Using the listing below, please print exactly the lines from the one with "Zerrissene Union Jack." through the one with "39648: Gold Thumb Tacks - 200 Pack". Leave out every picture.

++++ Source material ++++

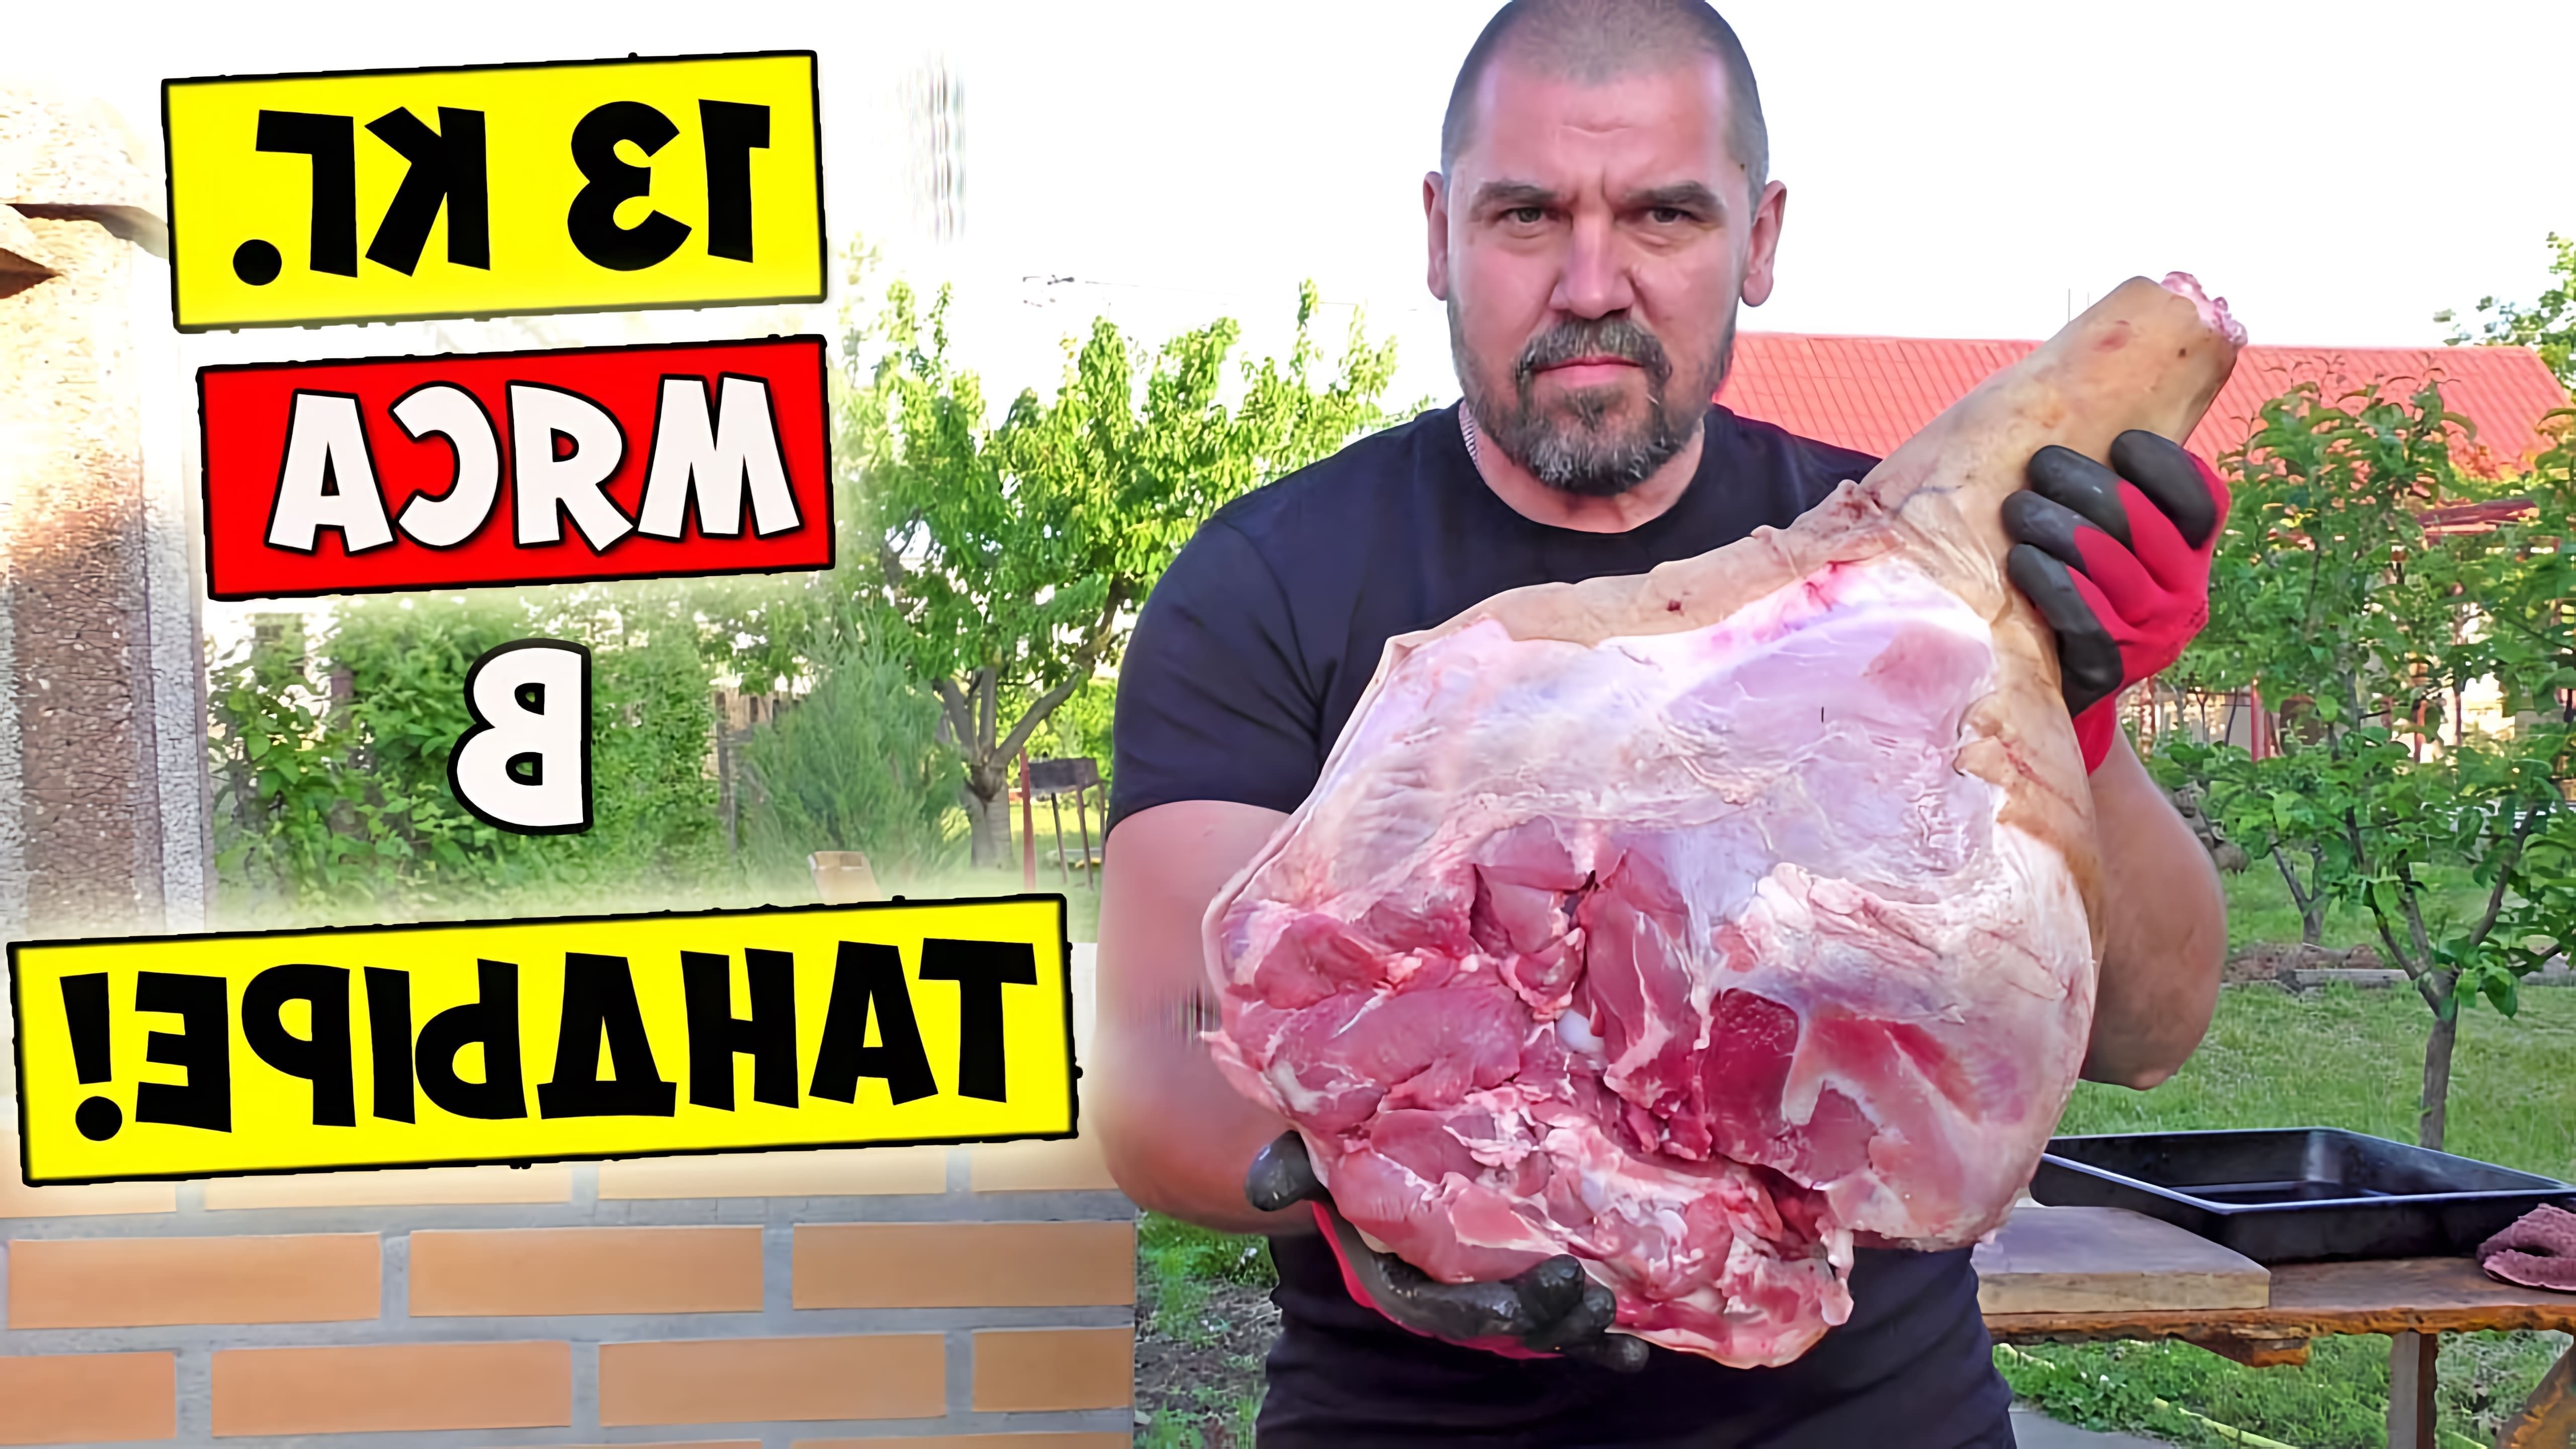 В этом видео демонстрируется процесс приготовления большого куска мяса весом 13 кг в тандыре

++++
++++ Source material ++++

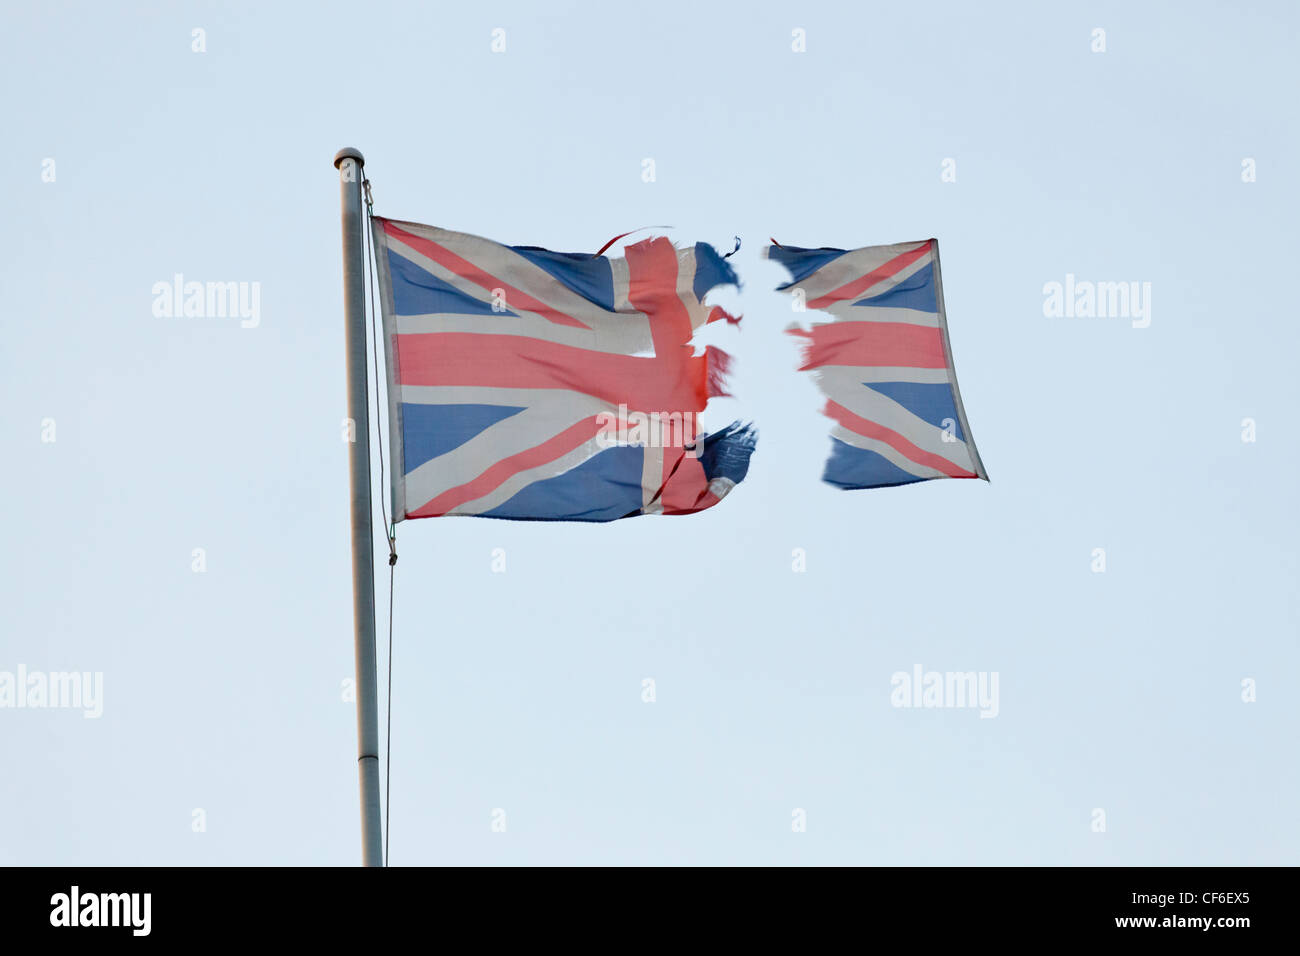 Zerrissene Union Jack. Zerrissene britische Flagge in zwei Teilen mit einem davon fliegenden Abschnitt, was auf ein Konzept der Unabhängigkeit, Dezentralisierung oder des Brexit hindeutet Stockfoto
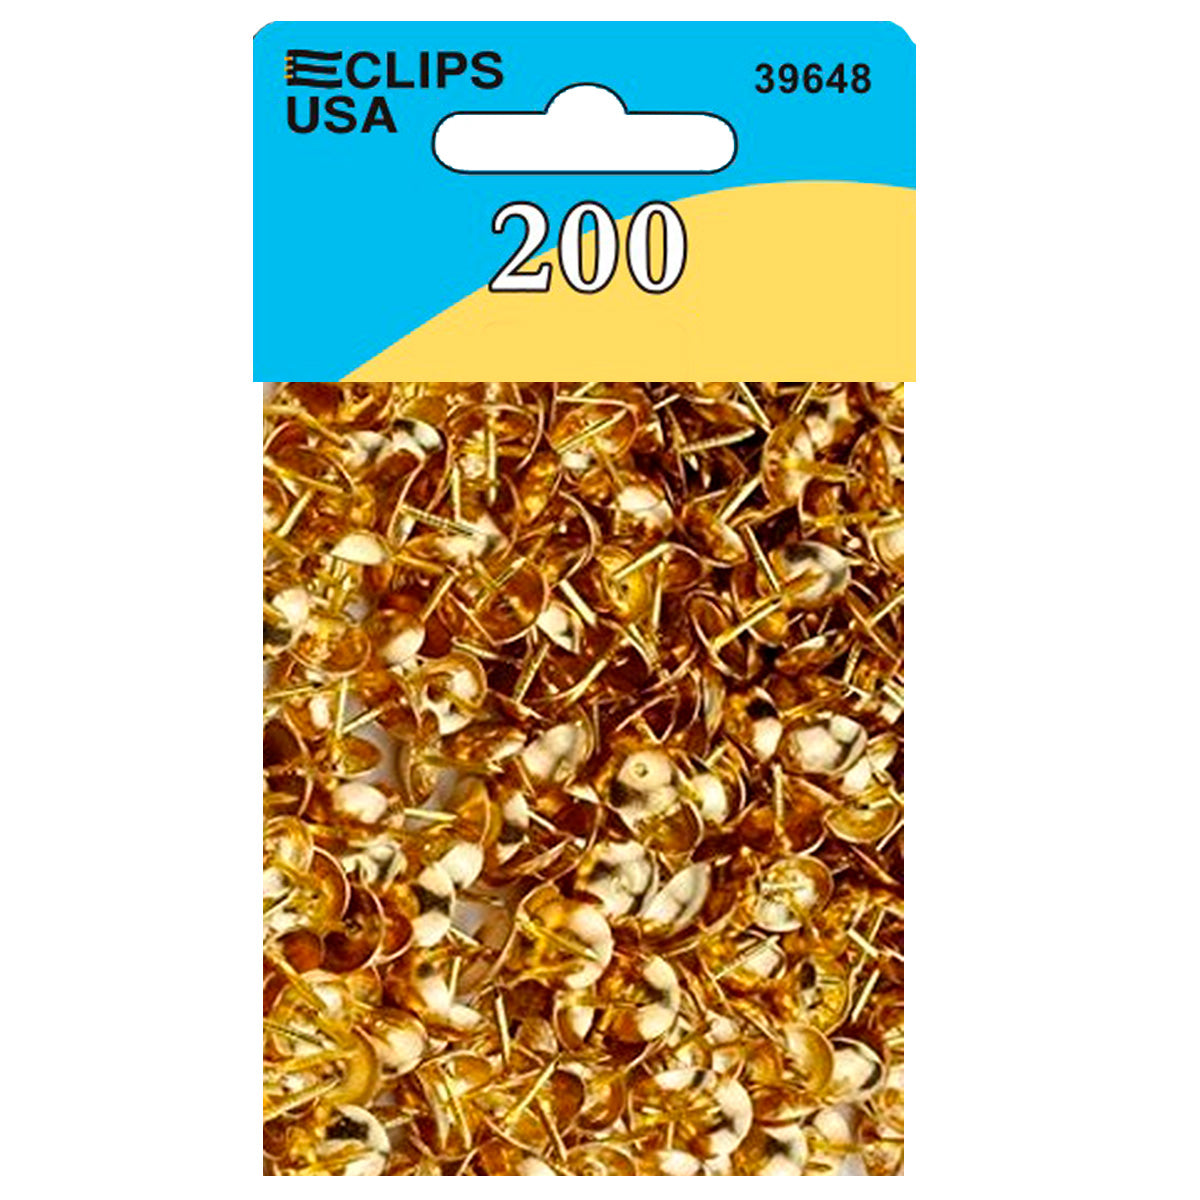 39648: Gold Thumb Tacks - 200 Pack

++++
++++ Source material ++++

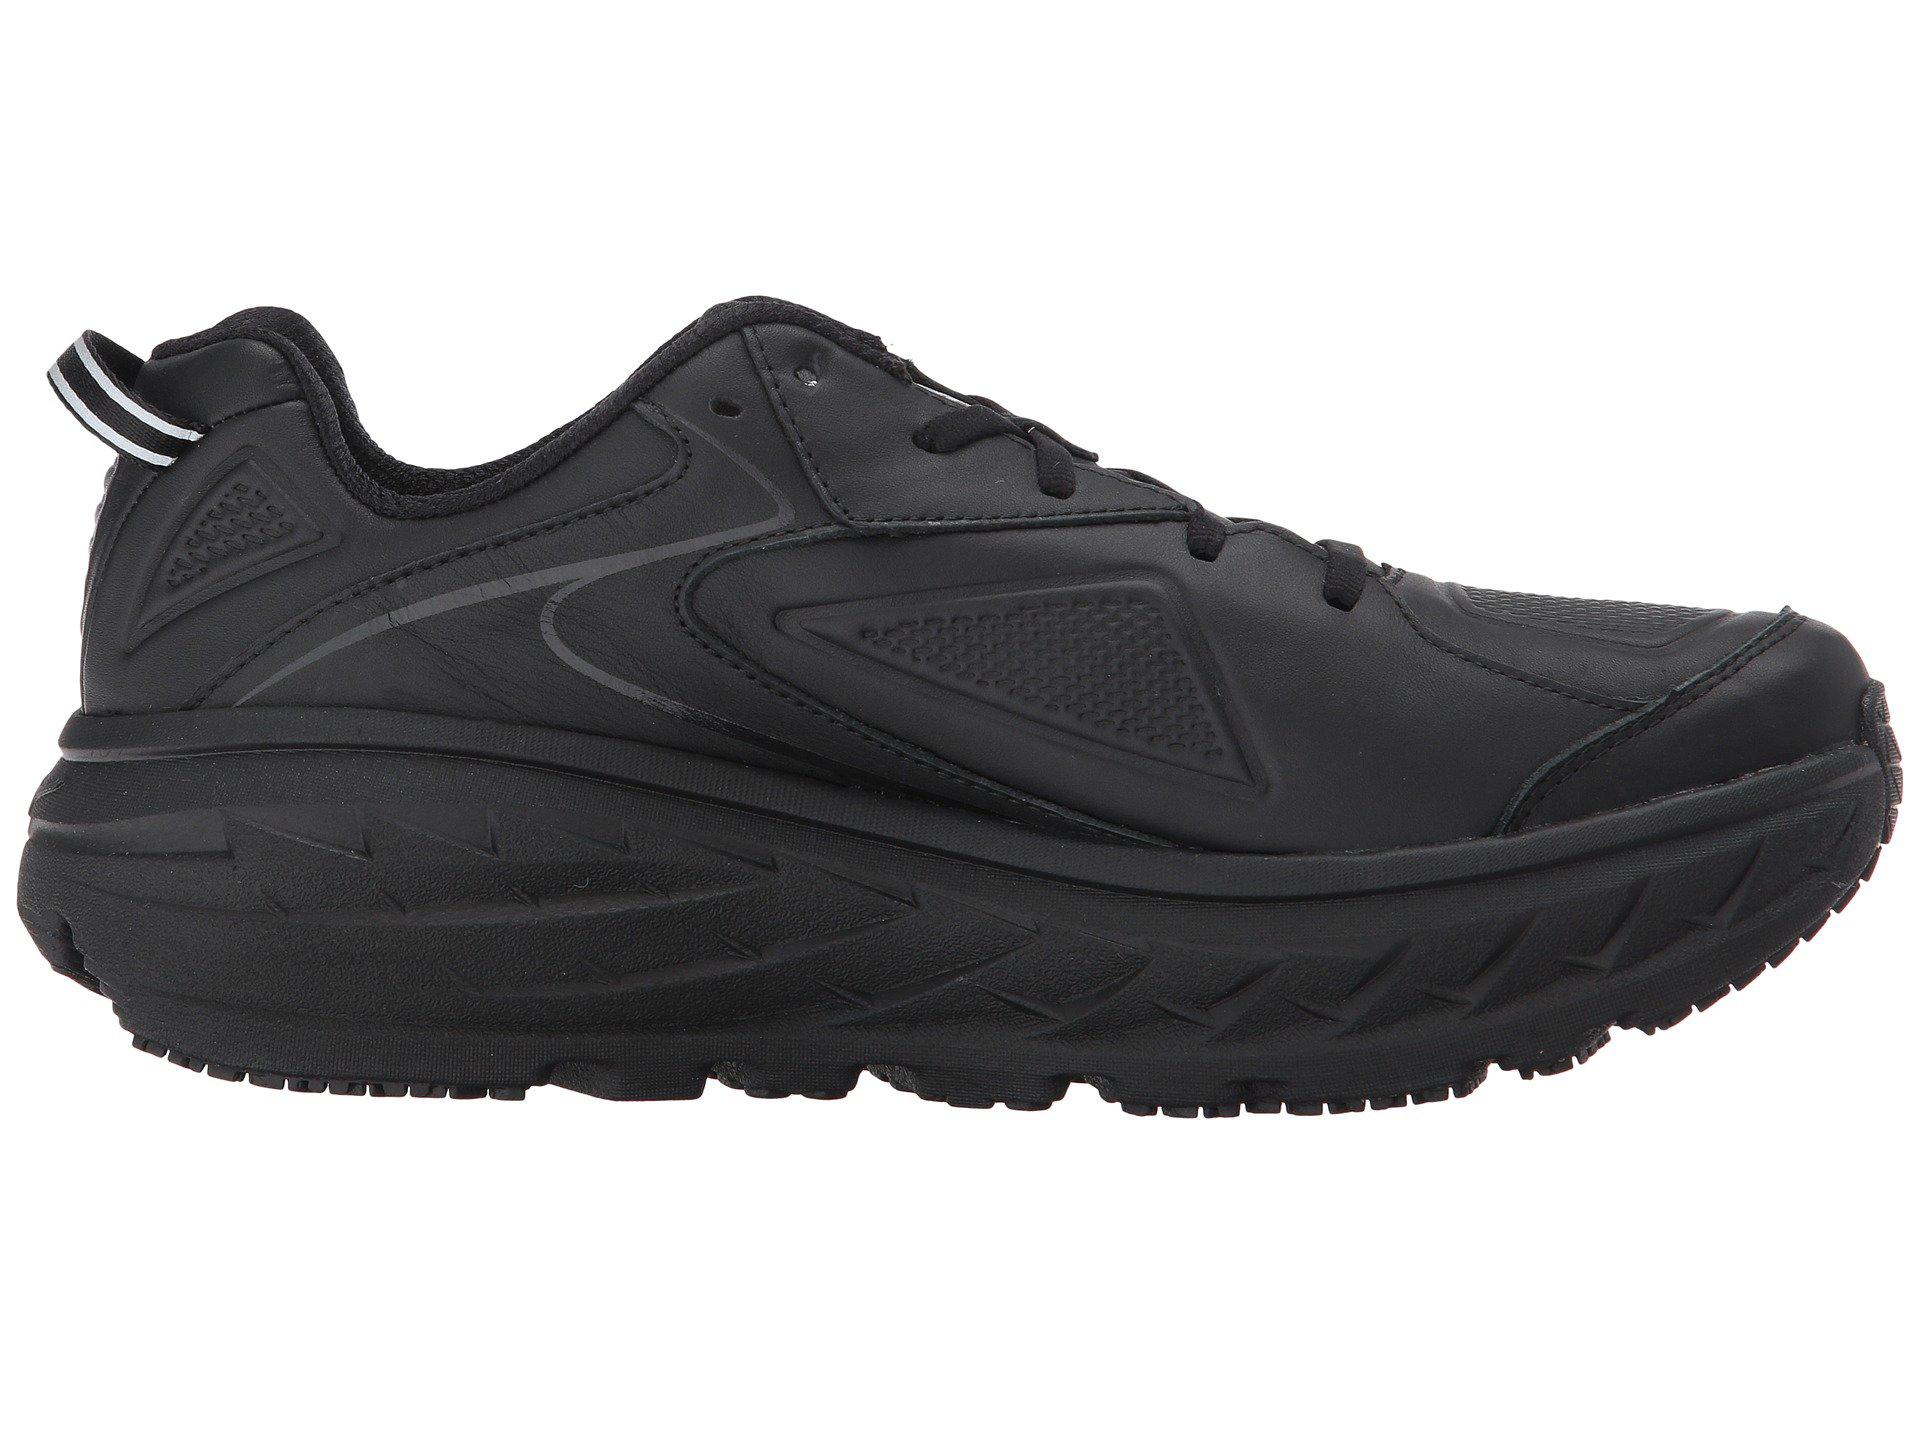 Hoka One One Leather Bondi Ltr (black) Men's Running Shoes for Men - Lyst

++++

> _The answer_:
 Zerrissene Union Jack. Zerrissene britische Flagge in zwei Teilen mit einem davon fliegenden Abschnitt, was auf ein Konzept der Unabhängigkeit, Dezentralisierung oder des Brexit hindeutet Stockfoto
 39648: Gold Thumb Tacks - 200 Pack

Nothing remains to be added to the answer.